Nvidia Jetson Nano with docker


I am running a custom Yocto image on the Nvidia Jetson Nano that has docker-ce (v19.03.2) included. I am able to run docker without problems.

The problem comes when I want to use docker for vision testing. I need access to host side CUDA and tensorRT. This is accessed through the Nvidia Container Runtime on top of the docker-ce. I have installed Nvidia Container Runtime (v0.9.0 beta) manually (extracted the necessary .deb packages and copy pasted them into the rootfs) to test on my build, and it seems to be working fine.

When I run docker info I can see that the nvidia runtime is available, and it doesn't complain when I run a docker with docker run -it --runtime=nvidia image.

If i run deviceQuery test OUTSIDE docker, i get the following:

$ /usr/bin/cuda-samples/deviceQuery
...
CUDA Driver Version / Runtime Version          10.0 / 10.0
CUDA Capability Major/Minor version number:    5.3
...
deviceQuery, CUDA Driver = CUDART, CUDA Driver Version = 10.0, CUDA Runtime Version = 10.0, NumDevs = 1
Result = PASS

However, when I want to run deviceQuery IN a docker to test CUDA availability, it fails:

./deviceQuery Starting...

 CUDA Device Query (Runtime API) version (CUDART static linking)

cudaGetDeviceCount returned 35
-> CUDA driver version is insufficient for CUDA runtime version
Result = FAIL

Where the Dockerfile is as follows:

FROM nvcr.io/nvidia/l4t-base:r32.2

COPY ./deviceQuery /tmp/deviceQuery

WORKDIR /tmp/

CMD ["./deviceQuery"]

So my questions are these:

Why does the deviceQuery test fail inside the docker even though I have Nvidia Container Runtime installed with docker? - and how can i fix it this issue?

------------EDIT:----------

More on this on this thread from nvidia devtalk.


Solution

  • The .csv that are included in the rootfs from the NVIDIA SDK-manager contains specific lib/dir/sym that are needed for the passing of GPU access to the container. The files that are listed in the .csv files are merged into the container and allows access to these files. What specific files are needed, depends on what is needed in the container.

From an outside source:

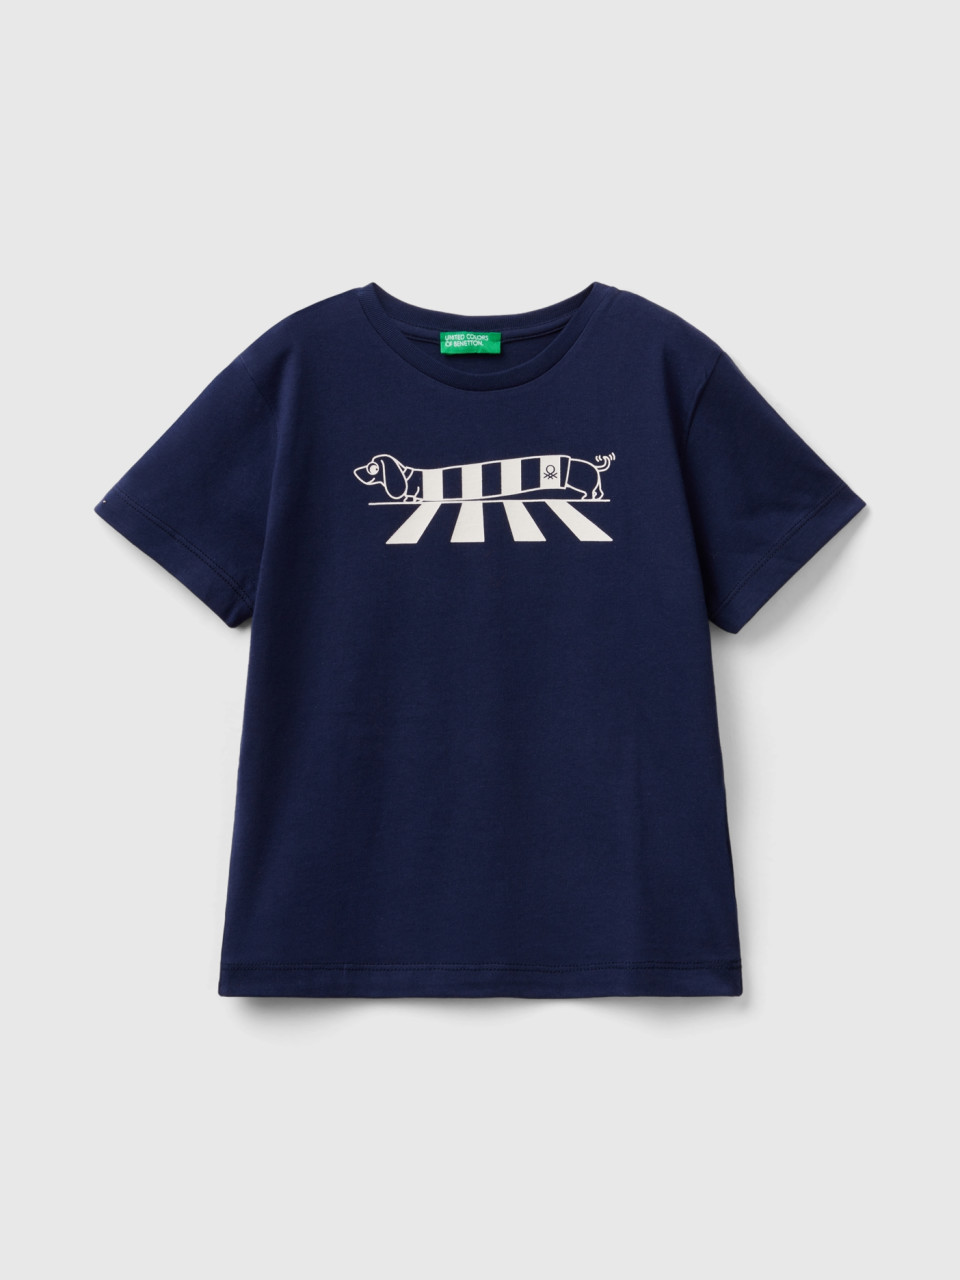 Benetton, Camiseta De Algodón Orgánico Con Estampado, Azul Oscuro, Niños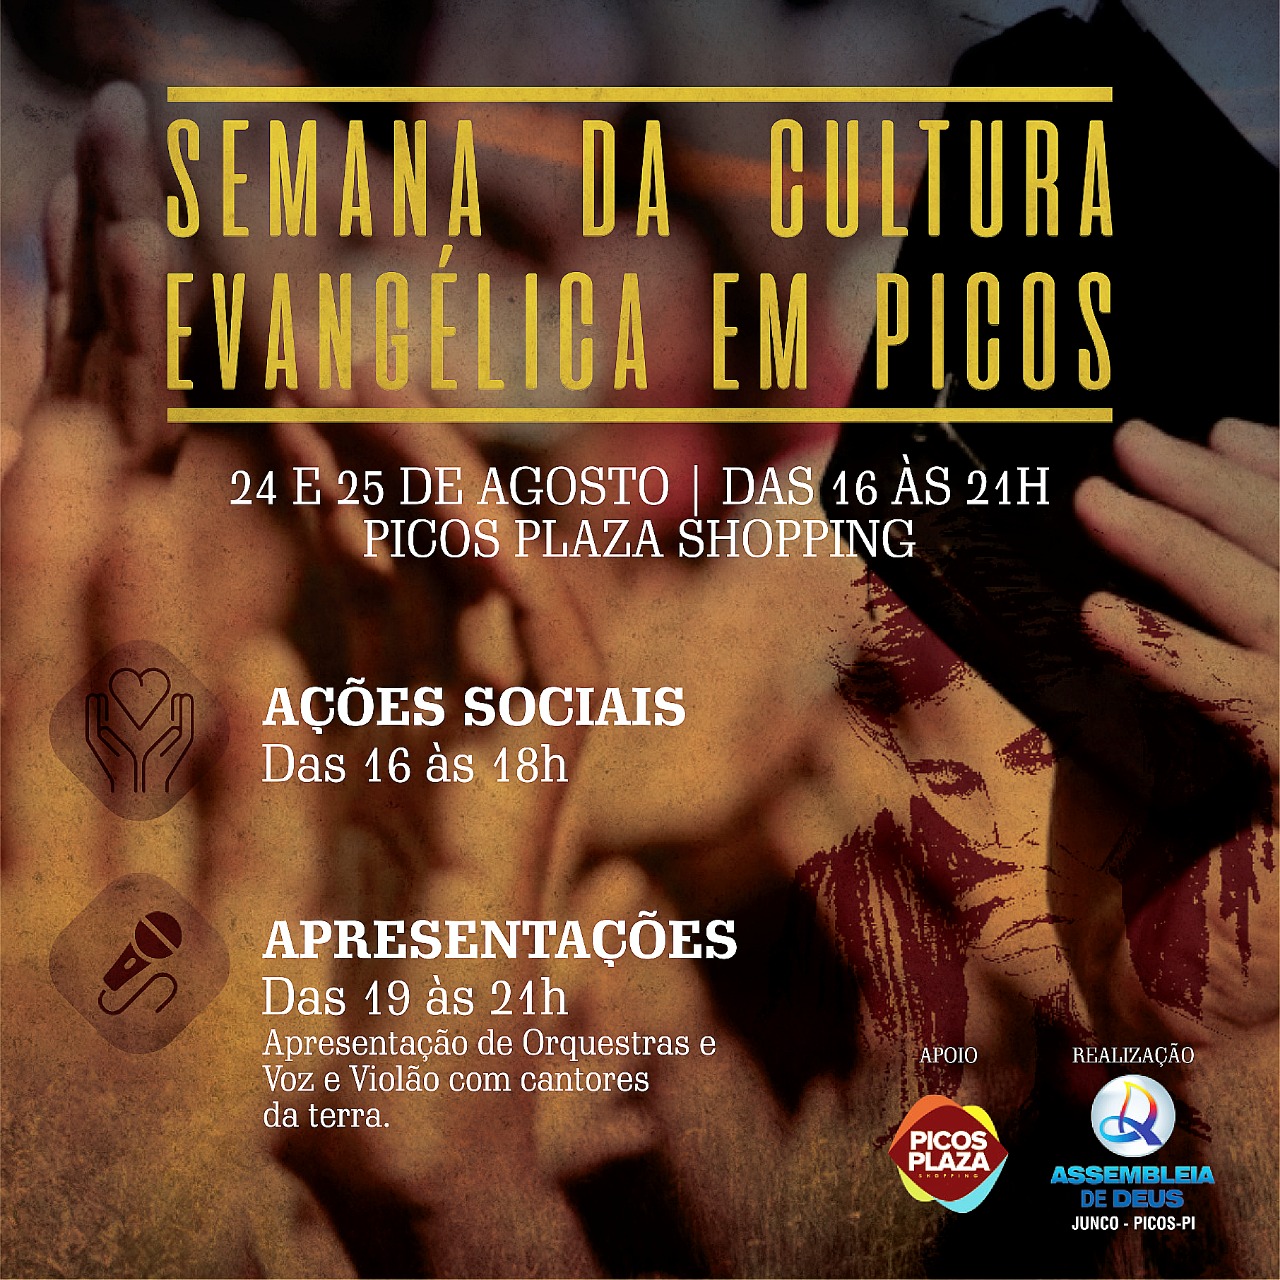 I Semana da Cultura Evangélica de Picos será marcada por ações sociais e arte

    It is of course very important that the actual paths to the files listed in the csv files are the same on the host, otherwise the merge will fail. These paths are not the correct paths on the default Yocto setup as they are made for the default NVIDIA SDK-manager image rootfs setup and thus needs to be corrected.

    Once corrected, the access to GPU acceleration in the container should be possible and can be confirmed by doing a deviceQuery test.